INFORMATION SHOWN: Begin
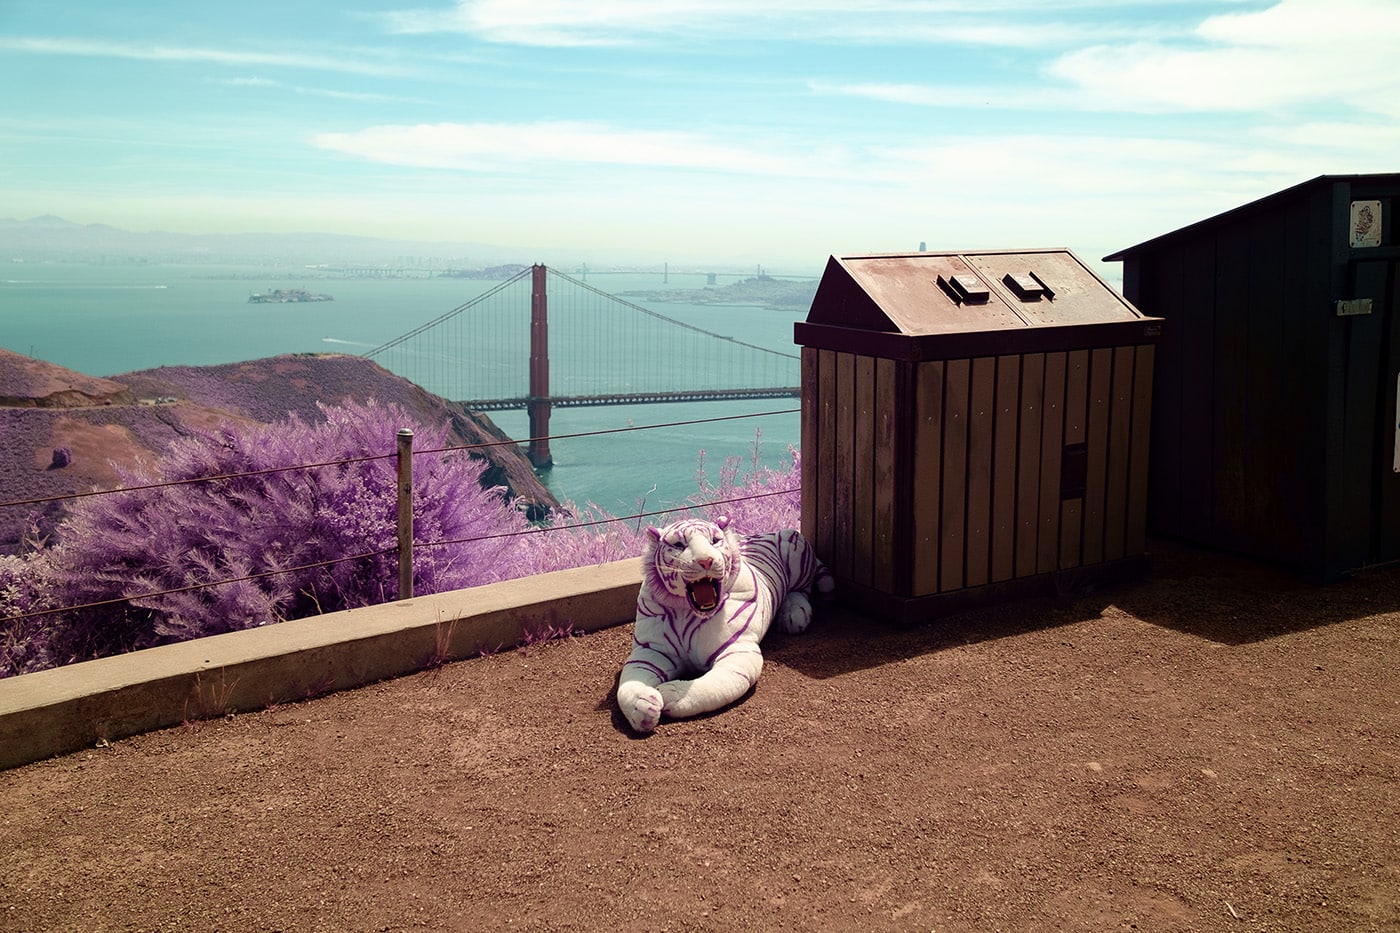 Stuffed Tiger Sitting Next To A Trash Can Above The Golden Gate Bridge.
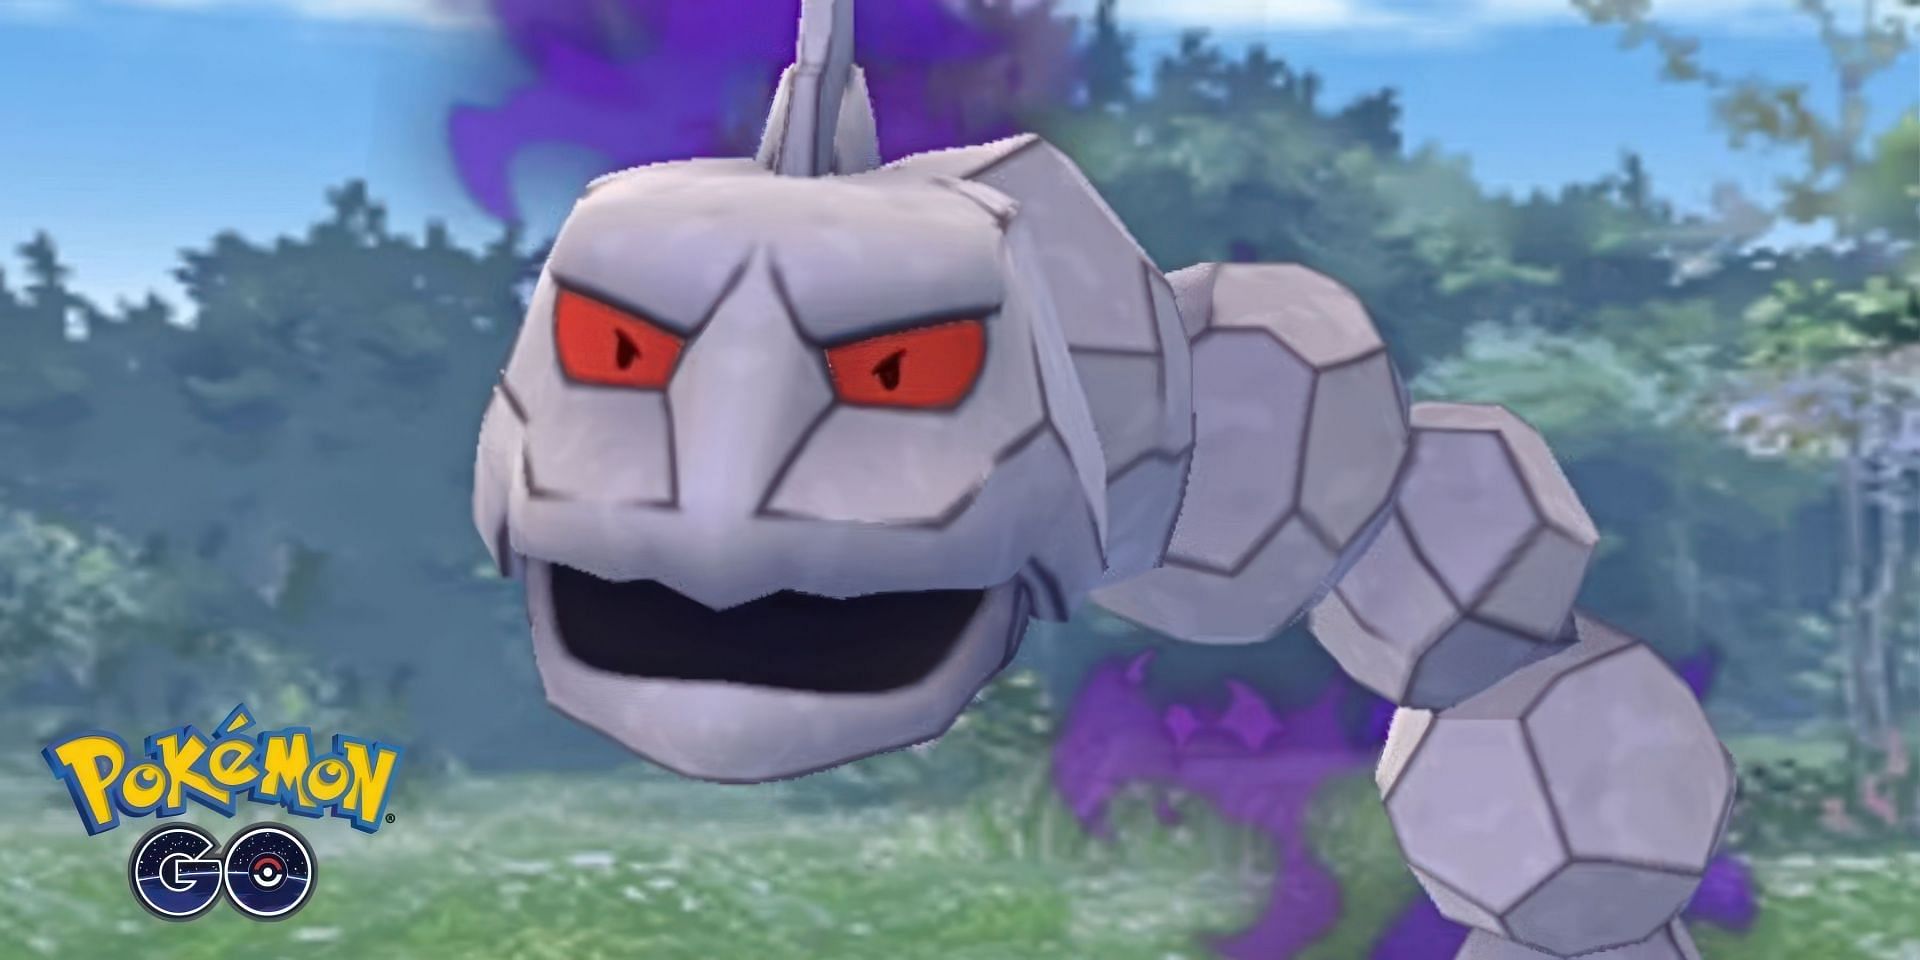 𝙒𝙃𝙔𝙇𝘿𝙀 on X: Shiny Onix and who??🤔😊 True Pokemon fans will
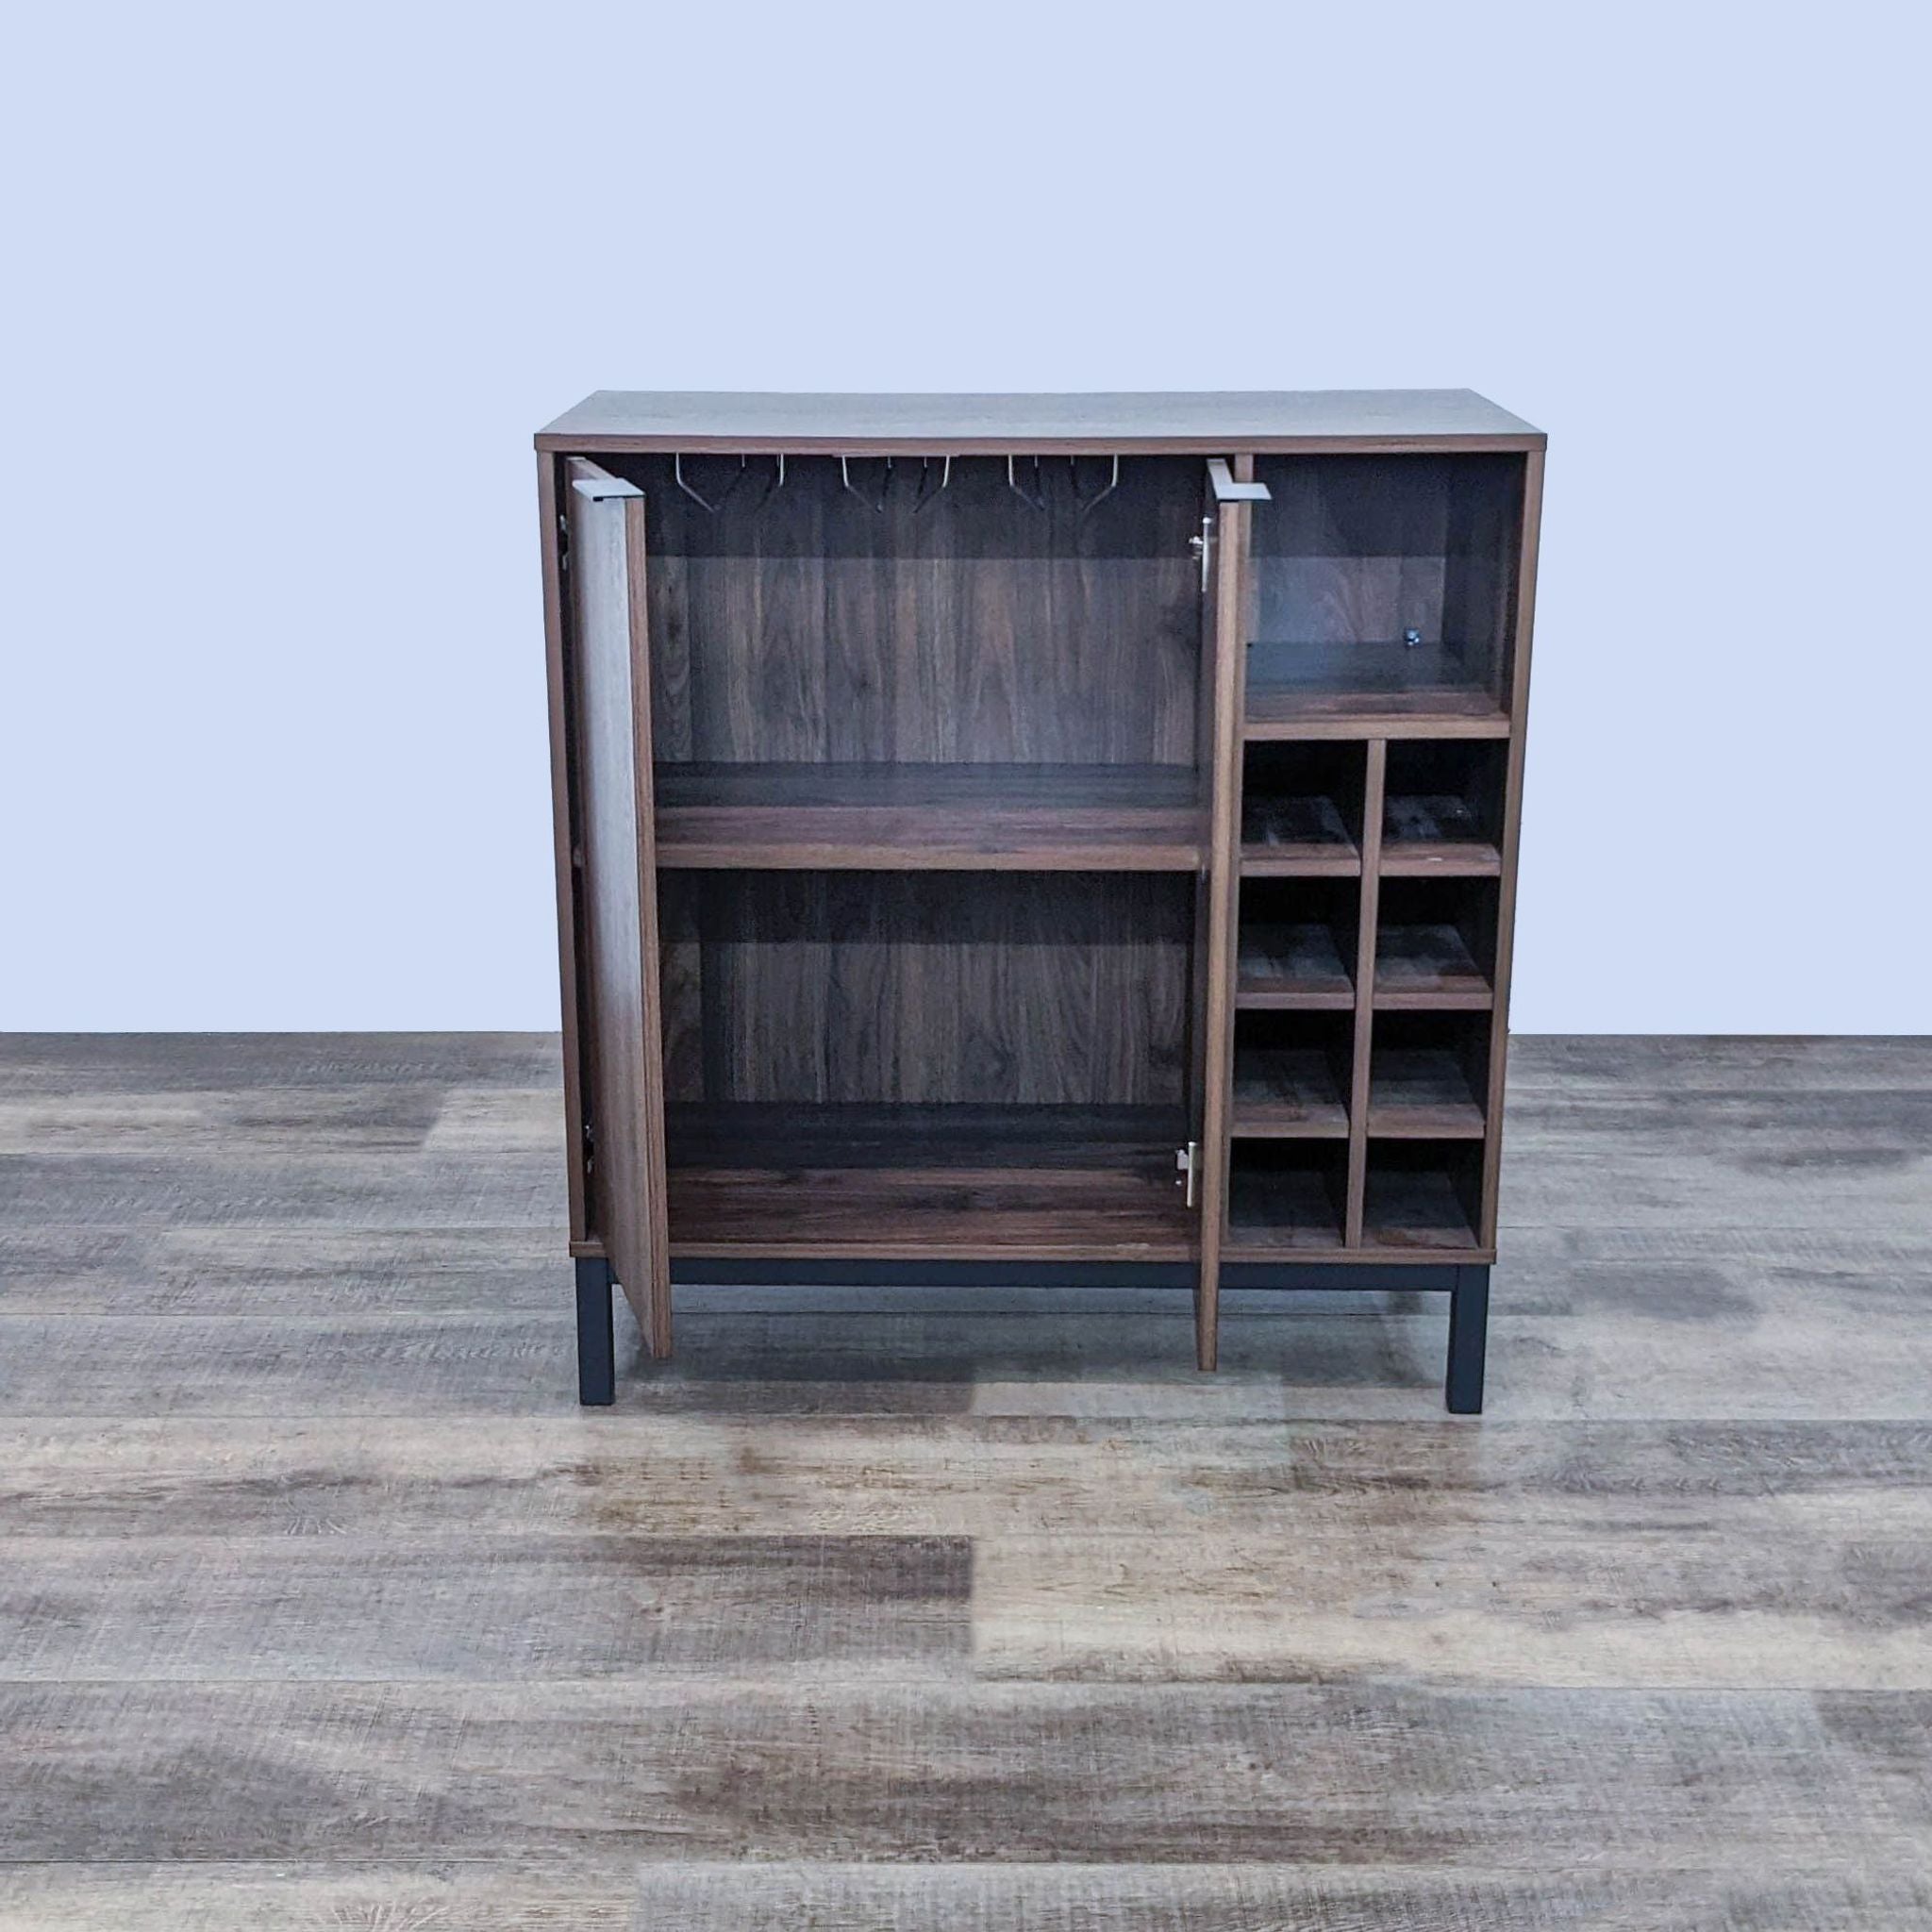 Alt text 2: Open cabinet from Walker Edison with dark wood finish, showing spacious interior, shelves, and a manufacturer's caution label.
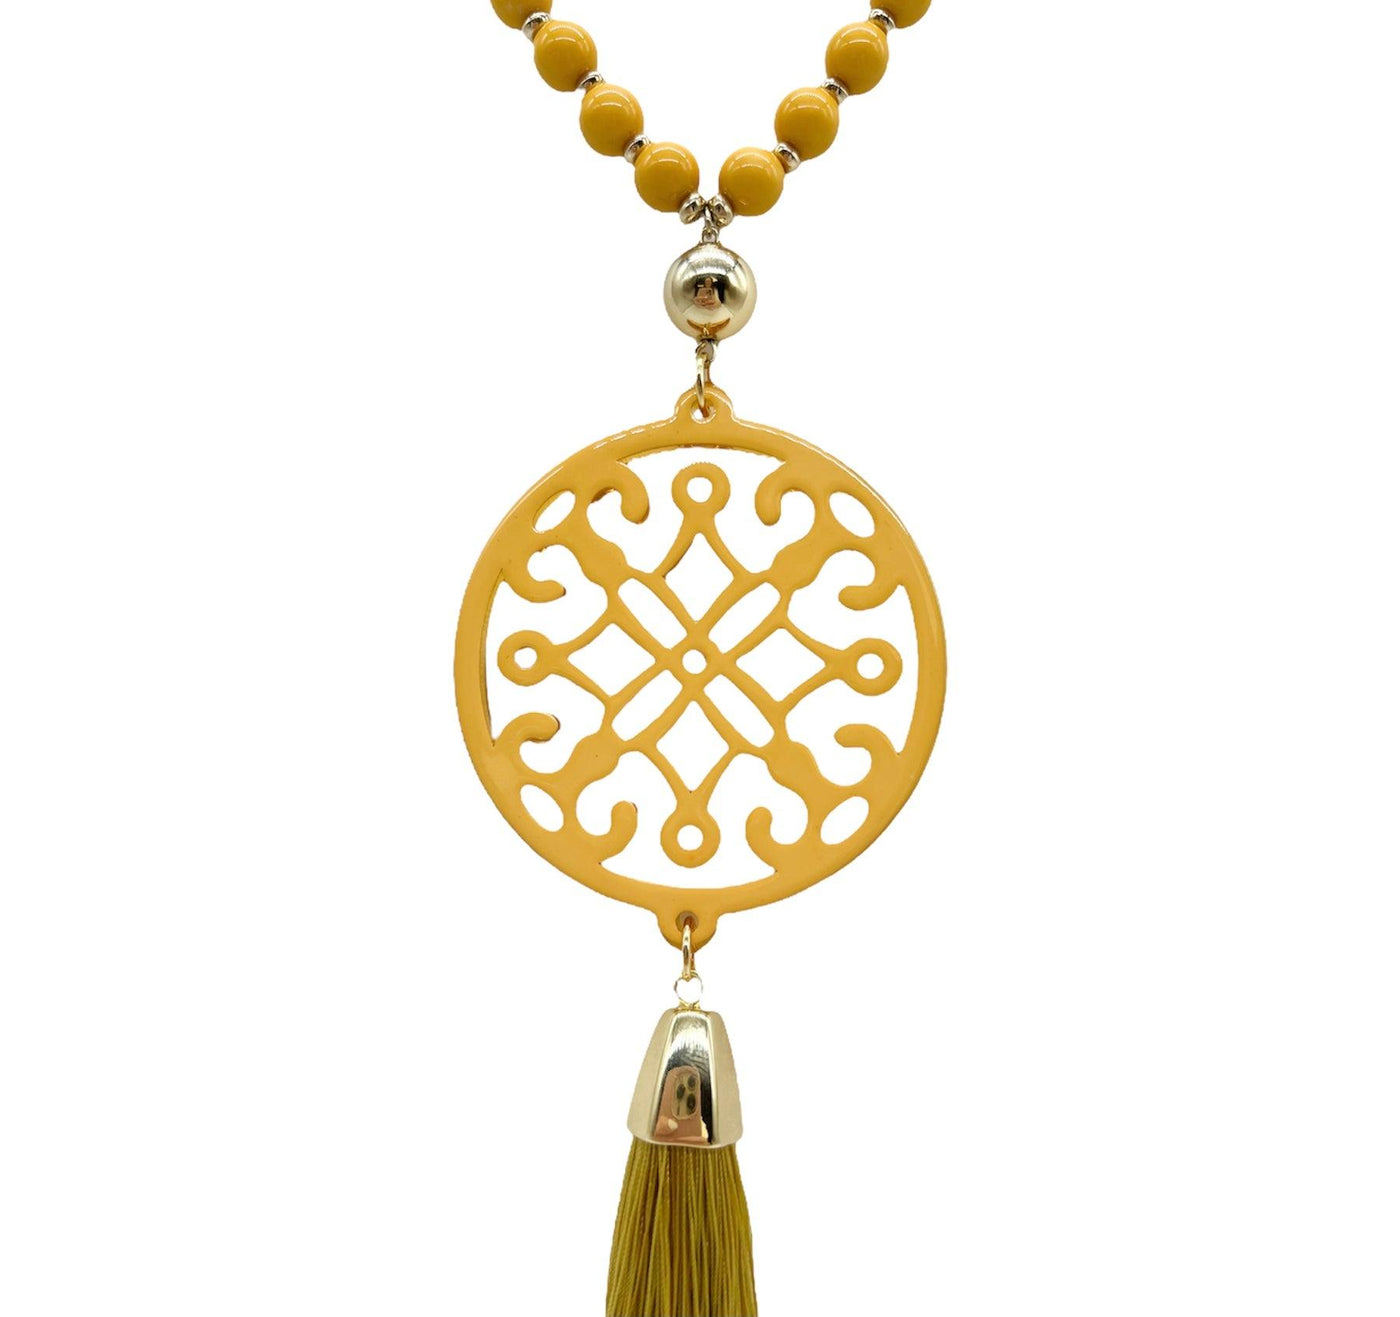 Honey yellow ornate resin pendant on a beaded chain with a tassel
INFORMATION SHOWN: End
Once more, please print all the lines above exactly, without their pictures.

 Stuffed Tiger Sitting Next To A Trash Can Above The Golden Gate Bridge.
 𝙒𝙃𝙔𝙇𝘿𝙀 on X: Shiny Onix and who??🤔😊 True Pokemon fans will
 Alt text 2: Open cabinet from Walker Edison with dark wood finish, showing spacious interior, shelves, and a manufacturer's caution label.
 Honey yellow ornate resin pendant on a beaded chain with a tassel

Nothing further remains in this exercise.